Midtown Manhattan, 1944, by Andreas Feininger Source: Simotron |
The truth about Being is that it is overwhelmingly
more complex than we can imagine; that it can only appear to us in fragments,
through separated events, and never as a whole. A prophecy is one such
fragmented representation insofar as it provides a hint as to the complexity of
Being. A prophecy is a forecast of our desired command of Being (a desire never
truly fulfilled, since all we can perceive, if anything, is a fragment of the
Whole). And while prophecies are forward-moving, revelations takes backward steps
towards the same aspect: the truth of the complexity of Being. Through
revelation we acquire confirmation of what, in prophecy, was only a guess. As
Georges Florovsky made clear, though,
“In sacred history, ‘the past’ does not mean simply ‘passed’ or ‘what had been,’ but primarily that which had been accomplished and fulfilled. 'Fulfilment' is the basic category of revelation. That which has become sacred remains consecrated and holy forever.”
It only
makes sense to call something revelation if it’s accompanied by novelty. Old
things are not revealed. They are known in advance. They cannot surprise. But this
is a kind of novelty that we are always prepared for, insofar as we already
expect to be surprised by it. The prophecy, of which revelation is a
fulfilment, has made us aware of everything.
If I find
out that bungee-jumping adventurers have died before, even if this happened only
once, the possibility of death from bungee jumping imposes itself with the force
of the thing already revealed. What was required to make the plane of potentialities
apparent to me was that one occurrence alone. Now I know that it is possible to
die from bungee jumping, and that’s the reason I’ll never do it. Never, as in
that ‘forever’ found in Florovsky’s quote given above.
Terrible revelations
Simple logic
of revelation: once something has been revealed, nothing can un-reveal it. Once
a particular technology was invented, we can never say it has never existed. Insofar
as Being is concerned, once we have understood that it is the repository of truths
that come to surprise us, it will always present itself as capable of surprises.

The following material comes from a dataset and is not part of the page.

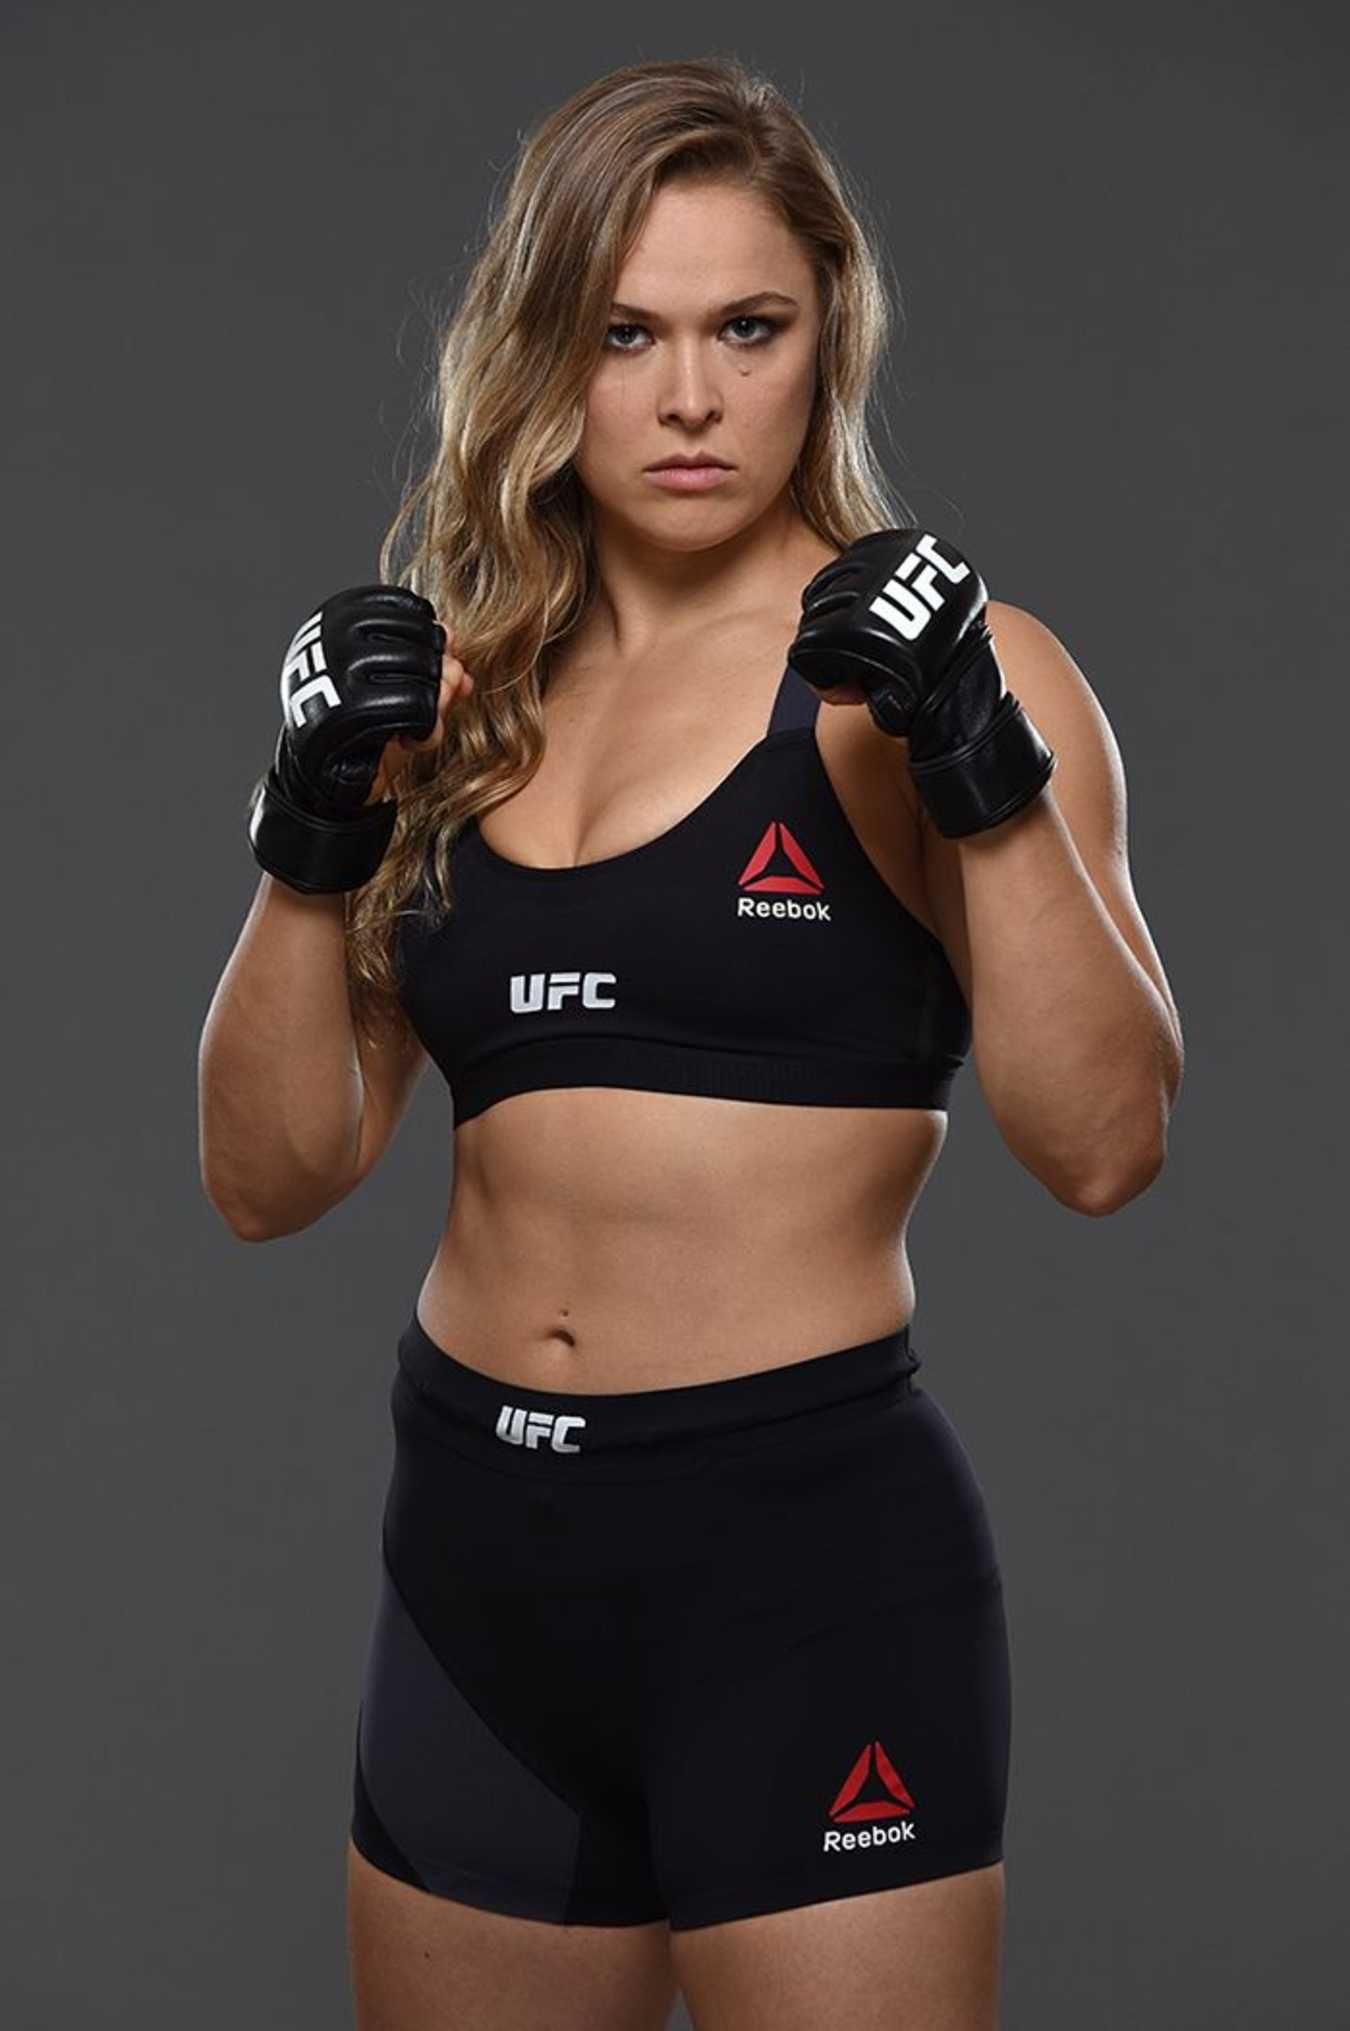 Ronda Rousey's Physical Appearance:

And so, we always expect to come out surprised from the encounter with Being. And
that’s why we fear it: because surprises often hurt. In the texts of Christian
mystics, revelations are always terrifying, painful realizations of a truth
that cannot be named or spoken. They speak of joy and enlightenment, but this
is a painful enlightenment, one that requires the deep wounding of the
humanness in the mystic.
Life of Francis of Assisi, by José Benlliure y Gil Source: Wikipedia |
Freud’s
Uncanny is the occurrence of something familiar in an unfamiliar environment:
of something we knew from a prior experience but never expected to encounter
again; not here, not now. The uncanny is a miracle we want to reject, because
it is too terrifying. Just like above. To Freud, it is through ‘miracles’ that we
relate back to the Unconscious. To Florovsky, it is through ‘miracles’ that we
relate back to the Divine. To Heidegger, it is through ‘miracles’ we relate
back to Being. Of course, they use different words to designate these miracles:
Uncanny, Revelation, Event. But do they sound similar, the three of them? Maybe
not overlappingly so, since they are situated differently, treated by different
means. But the Unconscious, the Divine, and Being do have things in common; the
most prominent of which is the reference to something that we perceive as an overwhelming
complexity, as an entity we strive to attain but never succeed. And that gives
us food for thought when it comes to writing. Because writing is, in spite of everything
we suspect, capable of enacting miracles.